**What is expected**
Would you write out the full listing exactly, without any pictures?

**Supplied data**
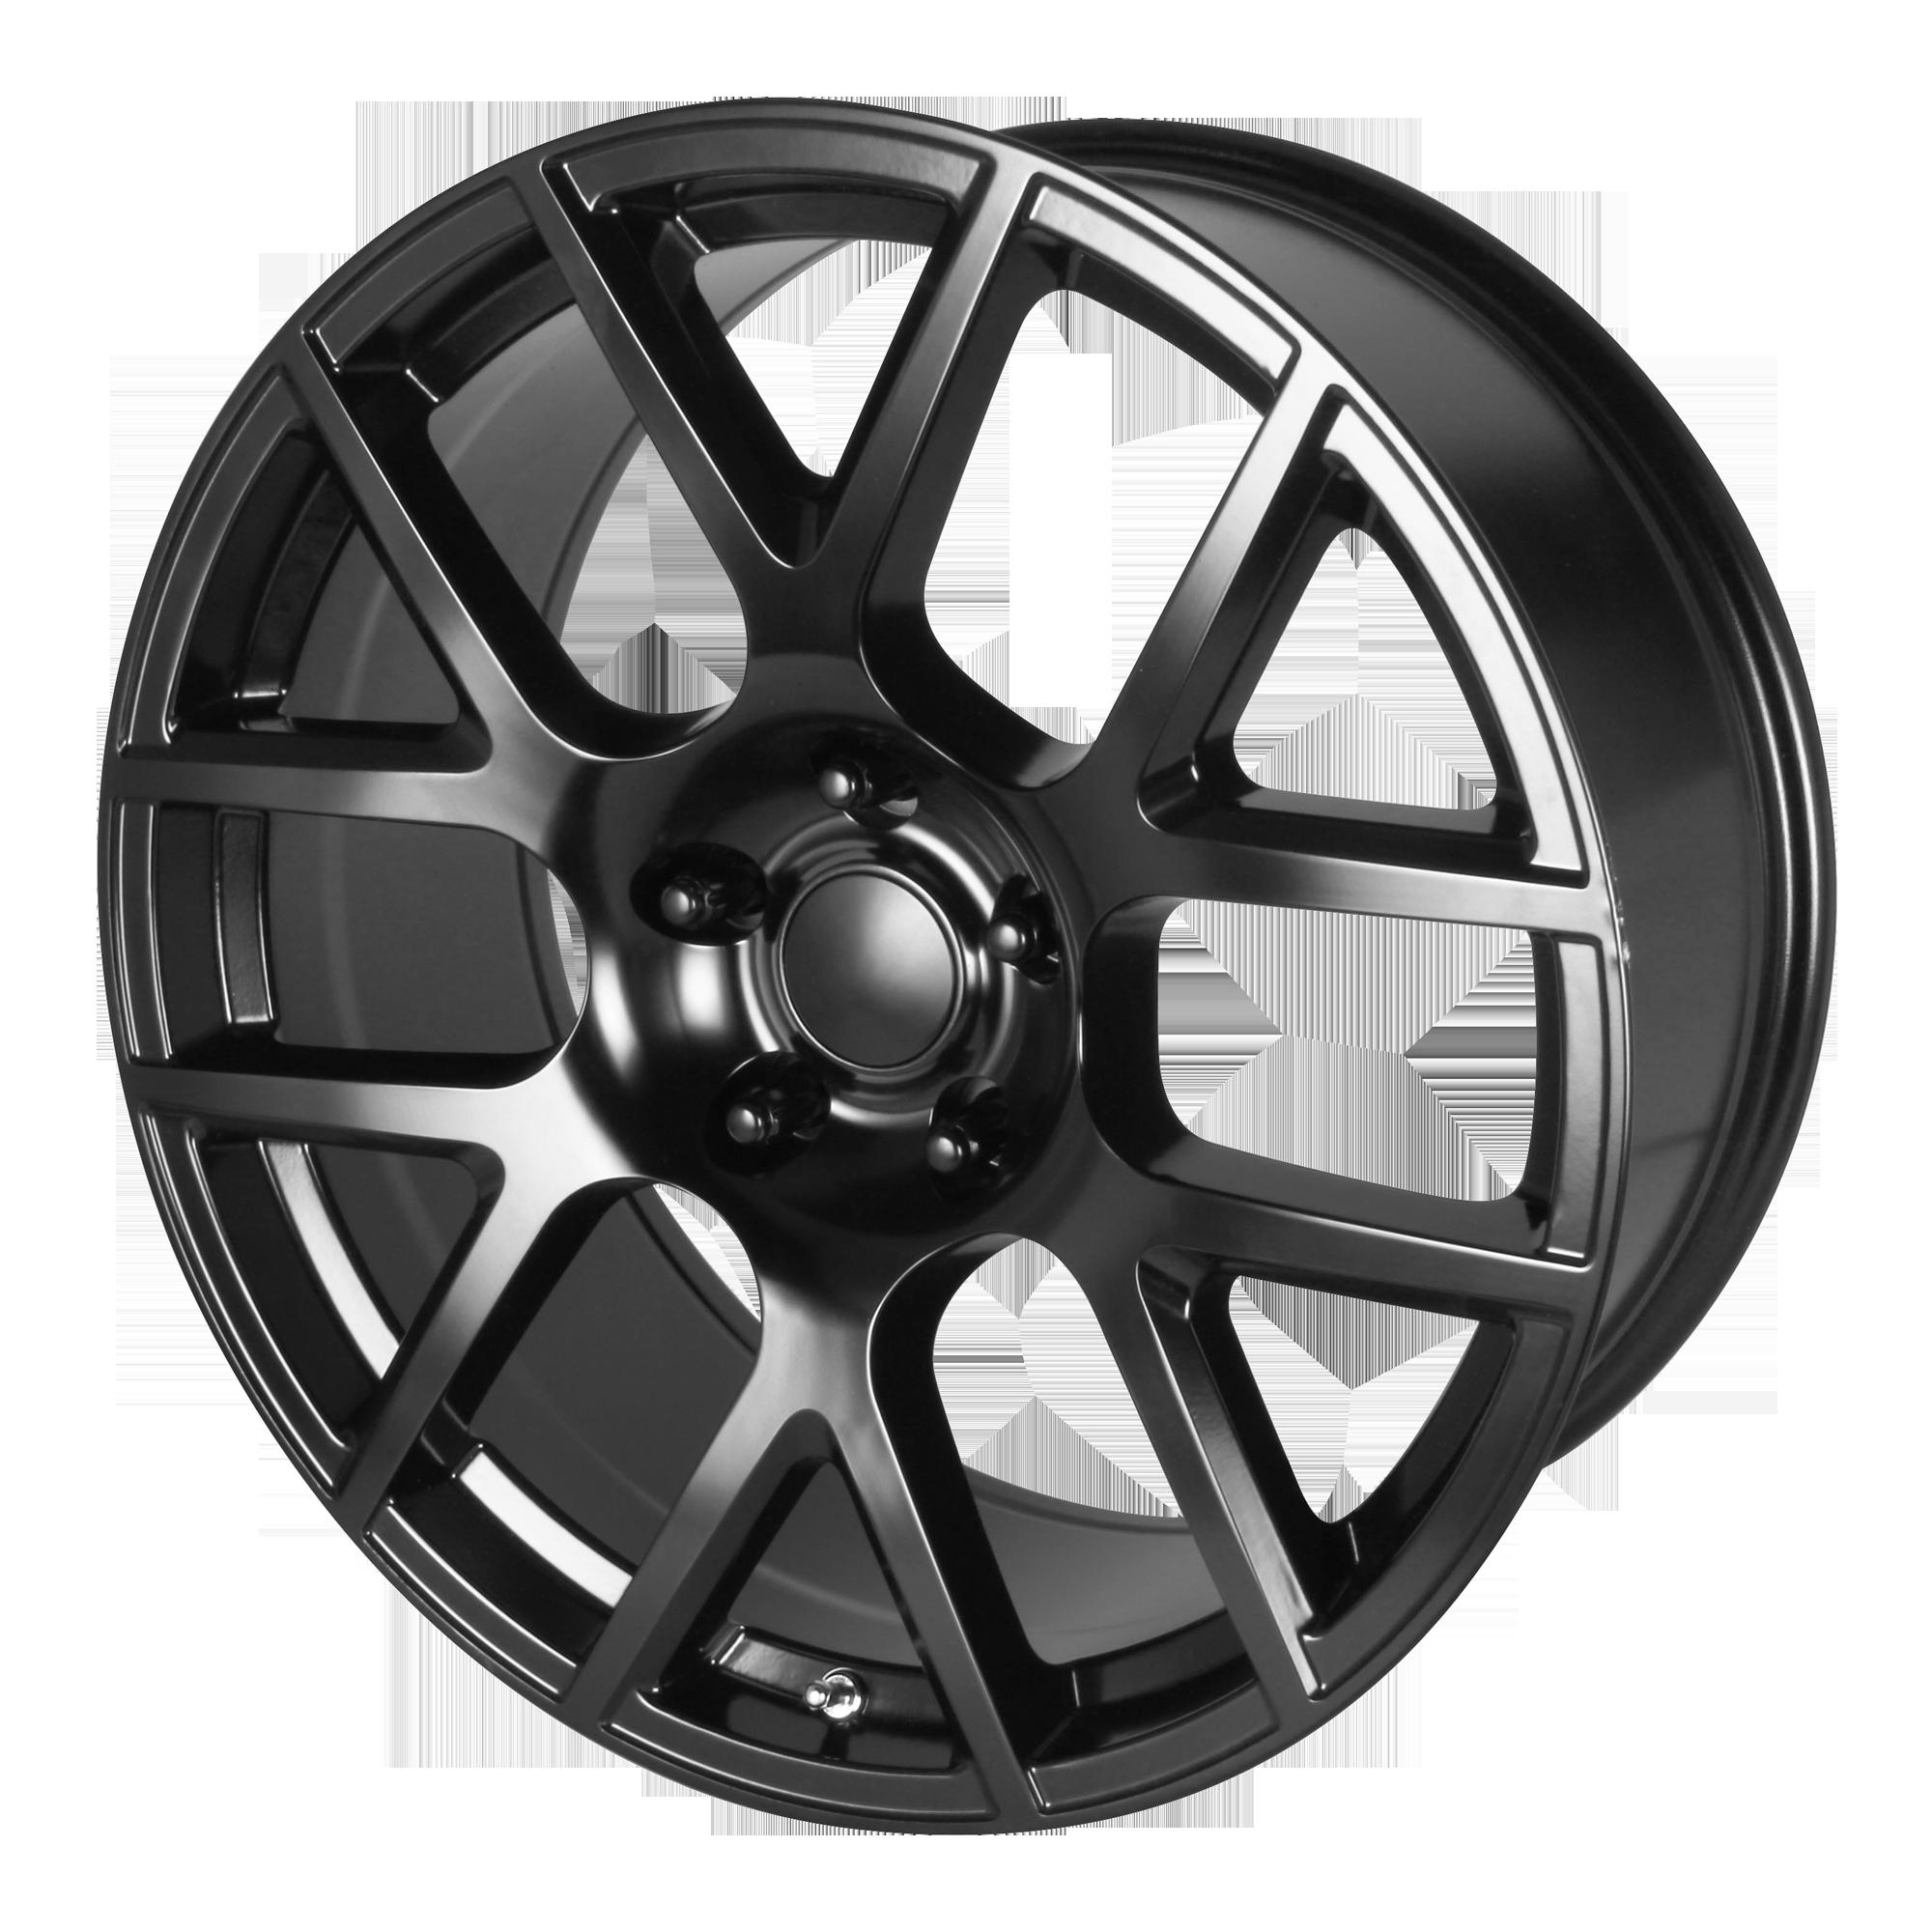 OE Creations Replica Wheels OE Creations PR163 Satin Black
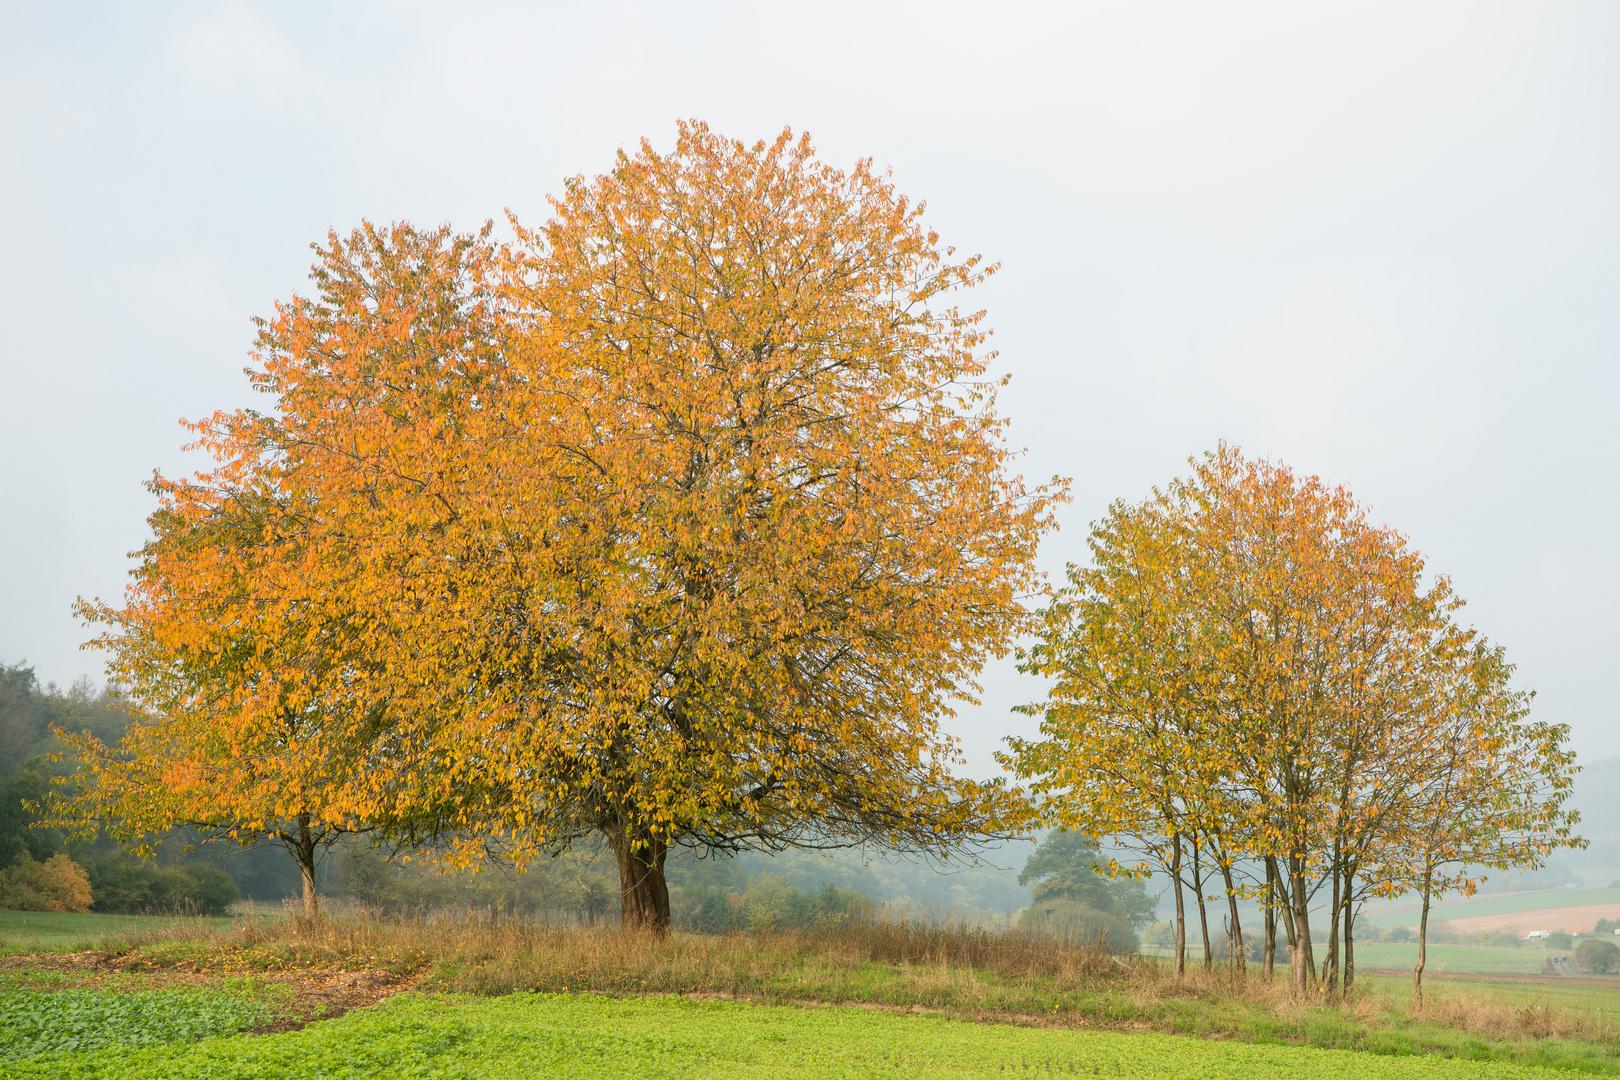 Herbsbaumgruppe
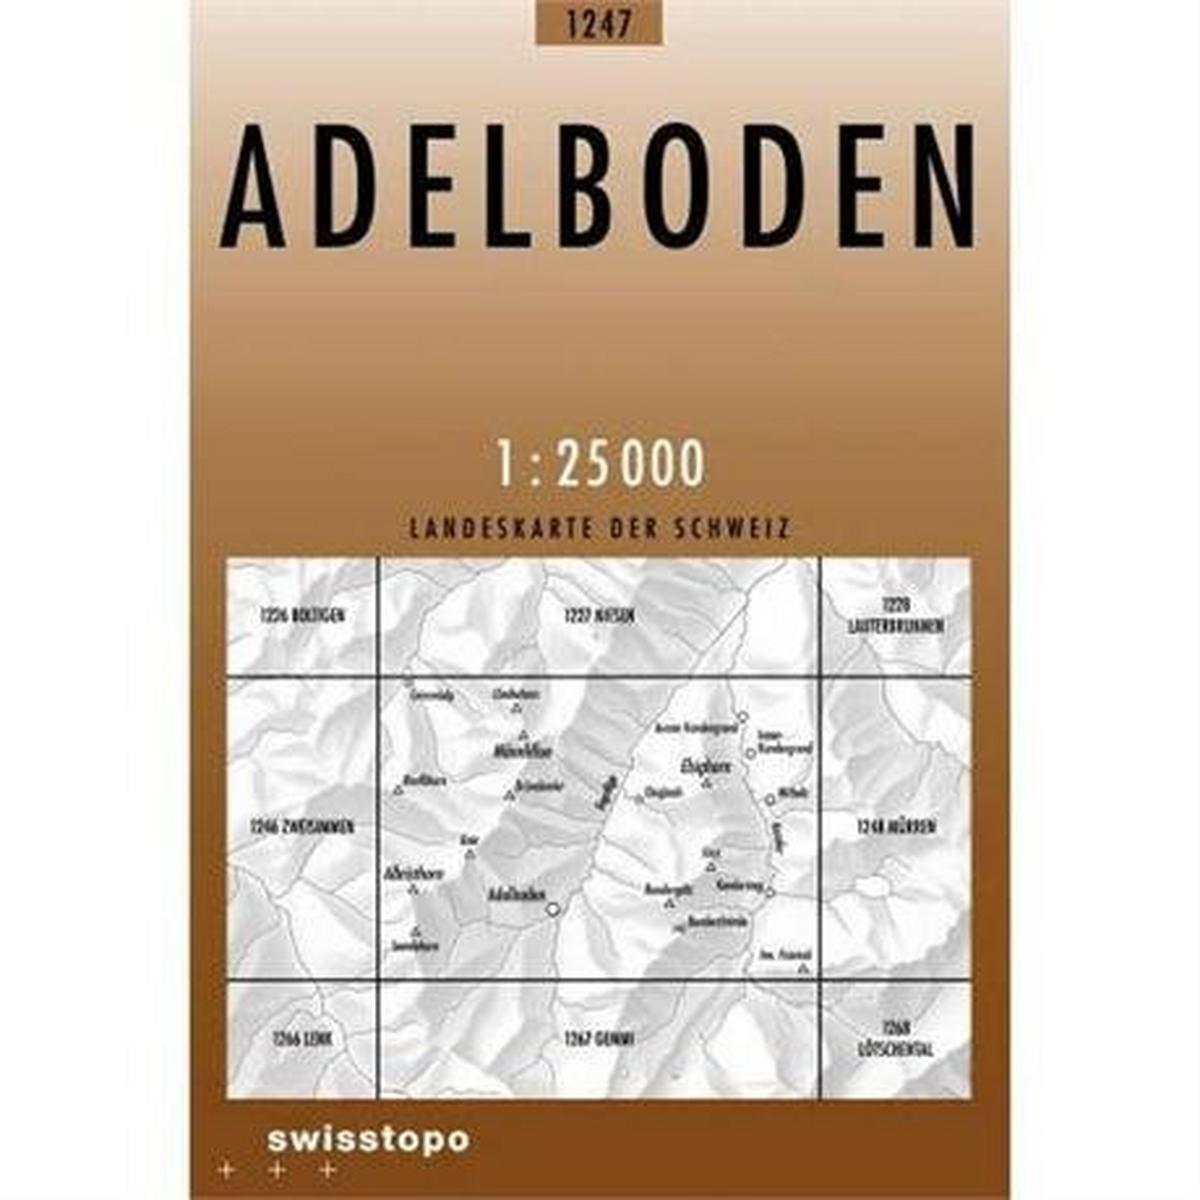 Miscellaneous Switzerland Map 1247 Adelboden 1:25,000

**Written answer**
 OE Creations Replica Wheels OE Creations PR163 Satin Black
 Herbsbaumgruppe
 Miscellaneous Switzerland Map 1247 Adelboden 1:25,000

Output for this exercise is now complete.